Фридрих Дюрренматт «Визит старой дамы»
Сарацин сидел у окна на длинной, холодной скамье. Сверкающие, горячие лучи солнца, лившиеся из противоположного окошка, били ему прямо в глаза. Яркий свет освещал его бледное, усталое и растерянное лицо. Он щурился и пытался защититься от света рукой, но эти слабые попытки не могли облегчить его трагического положения.
Прямо перед ним, в тени и сумрачной прохладе, вырисовывались головы остальных братьев, скрытые черными капюшонами. Их фигуры были бесстрастны и неподвижны, как холодные изваяния на старых надгробиях. На столе перед братом Коленом лежала стопка книг, перо и чернильница. Брат Ульфар быстро и нервно перебирал свои четки, и в мрачной пустоте зала слышался их тихий, тревожный стук… Ватье безучастно чертил носком башмака узоры на пыльном полу. Голубоватая дымка, еще не тронутая пылающими лучами солнца, скрывала их головы.
Позади монахов, на скамье, стоявшей у самой стены, сидел Жиль дель Манж. Он попросил разрешения до своего отъезда присутствовать на заседании, и это было ему позволено.
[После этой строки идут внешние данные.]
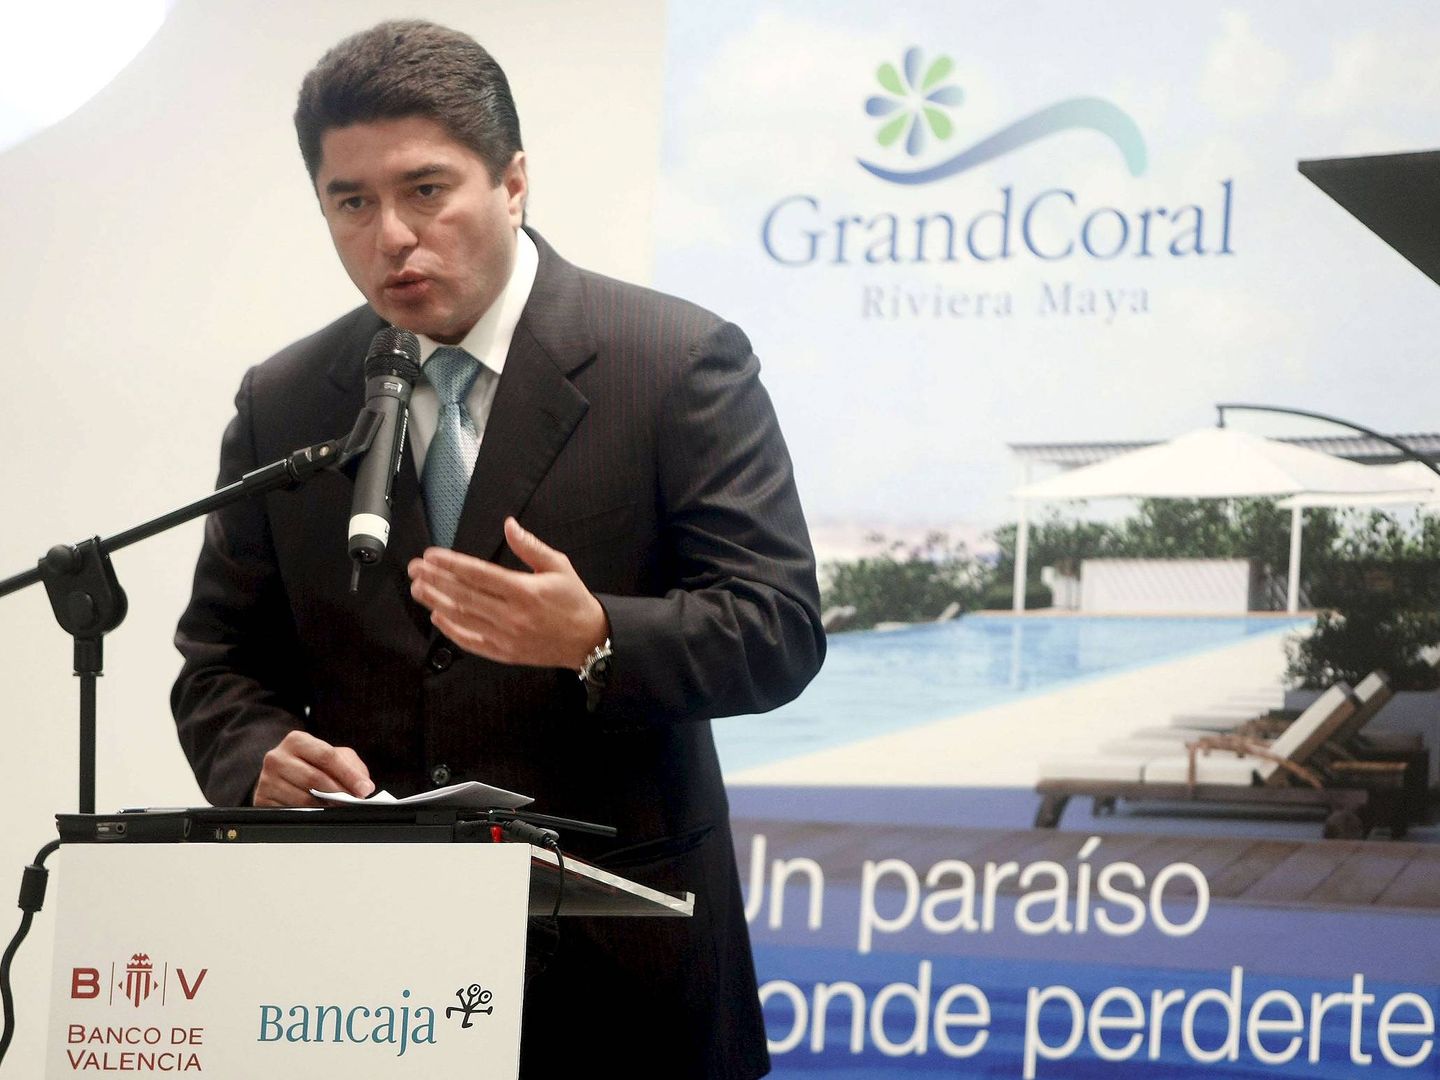 El exgobernador del estado mexicano de Quintana Roo, Félix González Canto, en una presentación en Valencia de los proyectos de Grand Coral. (EFE)

- Братья вынуждены призвать к ответу своего настоятеля, - раздался ровный и бесцветный голос из-под капюшона брата Колена. – Мы не можем мириться с вашим чудовищным поведением. Вы вступили в преступную связь с дочерью сеньора де Сюрмона, вы устроили ужасный скандал на ее похоронах, вы осквернили труп несчастной девушки, повсюду таская его с собой и не предавая христианскому погребению… Из ваших безумных слов все поняли, что вы таинственным образом причастны к ее внезапной смерти. Все эти жуткие поступки сами по себе заслуживают порицания. Но вам этого мало! Вы ведете себя, как дикарь, как древний язычник! Вы выставили все мерзкие склонности вашей порочной и больной натуры на всеобщее обо-зрение! Что может ждать нашу несчастную обитель с таким настоятелем? Она и так погрязла в бедности и безвестности. Слава ее угасла… А во главе с таким безумцем, наш монастырь получит славу гнезда преступлений и порока! Ваши необдуманные действия толкнули нас в эпоху дикости и варварства, из который вывело этот бедный монастырь умелое и разумное руководство старых, святых аббатов… Мы не можем этого допустить! Мы требуем у вас ответа.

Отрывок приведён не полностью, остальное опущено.